Thursday, May 12, 2011

Dumb

I did something without thinking the other day. I posted a considerably mean and scathing Facebook status which was, hugely insensitive to females who are, for want of a nice word- fat. I had said to my housemates the night before and we had had a good laugh about it and when it came up the next night I thought, yeah this is funny I’ll whack it on FB to keep the laughs rolling.

The laughs did roll. One or two “Babe, that’s pretty mean” but I just laughed it off until a girl who is, by her own admission “fat and ugly” pointed out to me the reality of how my words could affect someone unintended. I immediately felt overcome by shame and guilt, removed the post and sent her a hugely apologetic private message in which I told her how sorry I was that something I had said had offended her. I meant it as well. In my haste in posting it I had not imagined that someone who fit my words would actually read it and get upset by it.

She was admirably positive about it and said that she knew I had not said it to offend her in particular and she could see how awful I felt about the whole situation. It didn’t make me feel any better but at least I could implore to her that I had seen the error of my ways and I would think-twice before posting something as stupid as that.

But it got me thinking. I have a really harsh view on “fat people” in general. But so do a lot of my peers, as the reaction my post showed me. What’s so ironic about that is that my own opinion of how I look is, well fairly negative. I’ve tried to slow down my “oh my god I’m so fat” outbursts when I’m not feeling good because the sheer fact of the matter is that I’m not. Sure I’m not the in shape that I would like to be, and like most girls there are lots of things I would like to change about myself. But they are all things that if I could really be bothered, I would. If I were THAT concerned about not looking my best, I’d just go running more often, or take advantage of the free gym at my work, or maybe think again when I order that late night Maccas on a Saturday night when I’m walking a little boozy down Murray St. But clearly, I don’t care that much. I whinge and moan about how I look but people tell me that I’m “pretty” and while most of the time I think they’re lying, there must be some truth in it because why would people lie to my face like that?

My natural chain of consideration lead me to ask the question of whether or not calling someone who is fat, fat, an insult? My knee jerk reaction is no. Being overweight is unhealthy. But so is binge-drinking on Saturday nights...So why is ok for me to merely state what I think is the obvious and not expect people to react negatively?

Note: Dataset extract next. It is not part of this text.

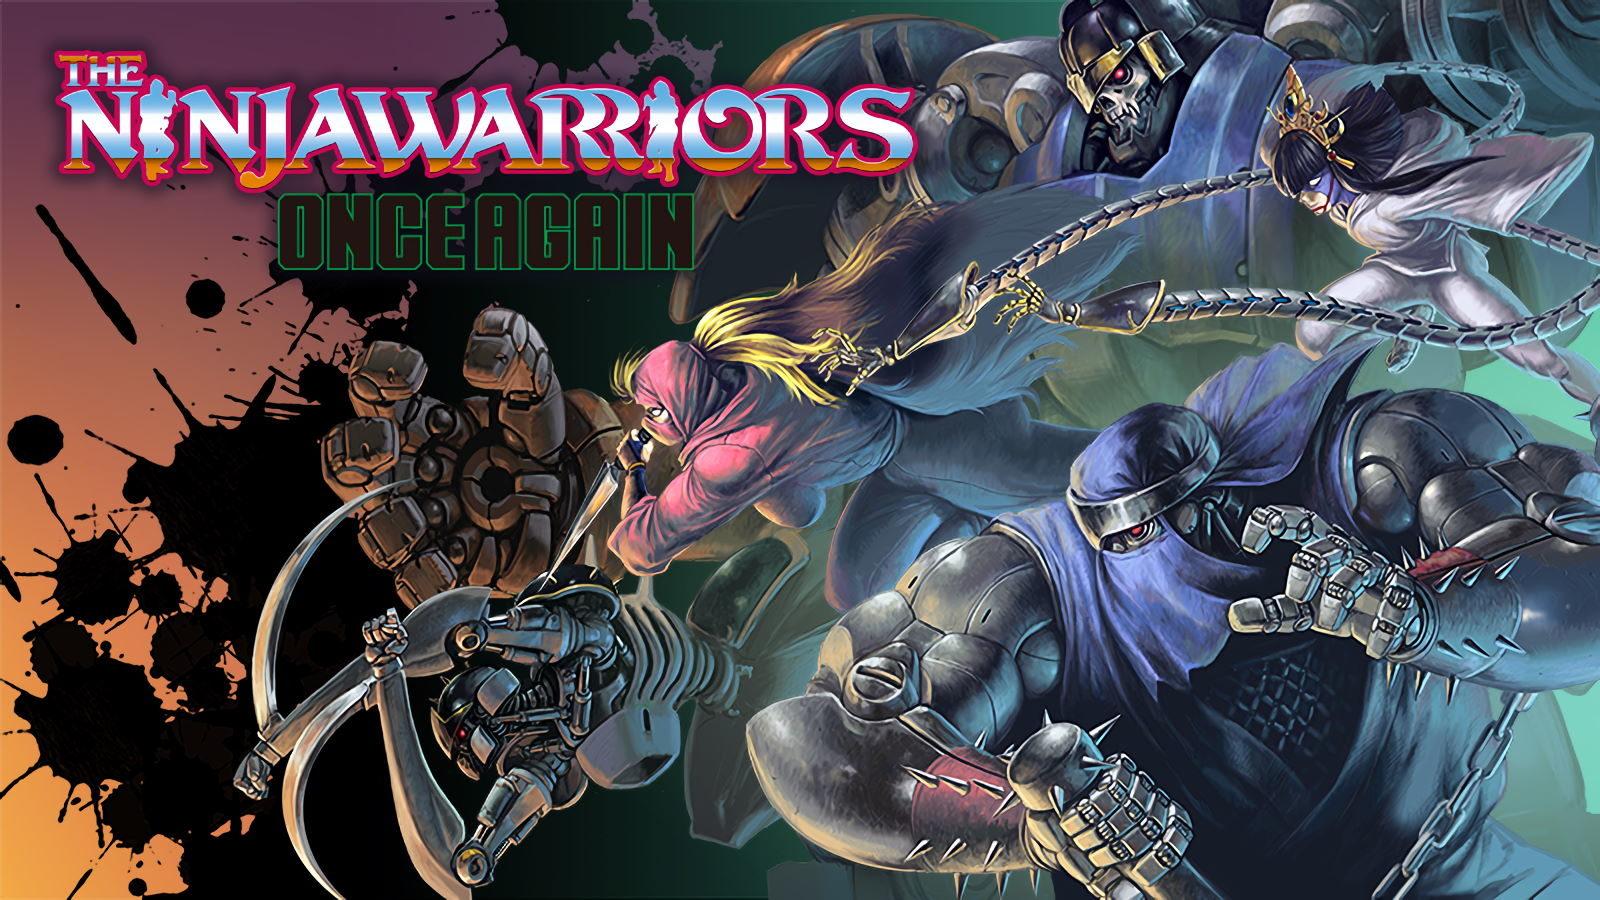 Test : The Ninja Warriors Once Again 3

Losing weight is hard, I know that. And I do believe that being healthy means looking like a normal human being. Not horribly, little boy thin, but with meat on your bones. That’s how women are supposed to look. I worry though because in this age of “big is beautiful” and “we should all learn to love ourselves” some girls are letting that be an excuse to be unhealthy. But it’s not that simple. I’ve never been really overweight so I don’t know what that huge task in front of you would feel like. When I came off the pill I shed a lot of weight very quickly through little to no action and it came to a point where I started to panic a little bit. But I think I’ve filled out a bit since then, and I am not the weight, or shape I was before this but I’m a bit more satisfied generally. Fitting into small jeans feels good! But it’s not fair for me to then turn around and make horrid statements about girls who don’t fit into the same size jeans as me. I don’t want to be that girl. I definitely don’t want to be that girl when 90% of the time I look in the mirror and I’m really unhappy with what I see.

I don’t really know where I’m heading with all of this, other than again trying to create some of catharsis for me and feel less terrible about upsetting someone.

2 comments:

Unknown said...

I think people that are stupid enough to smoke in this day and age are worse than those who are fat. Smoking has an immediate effect on those around you, and it pollutes the air (not to mention the disgusting smell it inflicts on the general public) and there have been heavy anti-smoking campaigns for over 10 years now. Anybody who made the choice to start smoking after 1995 is stupid. While being fat is unhealthy and not a great lifestyle choice it doesn't affect anybody except the person who chooses to be fat. It seems a little hypocritical of you to criticise fat people when in actual fact you continue to make the dumbest choice of all: smoking.

Sophie Lisely said...

You're absolutely right Andrew! That's why I'm trying to stop!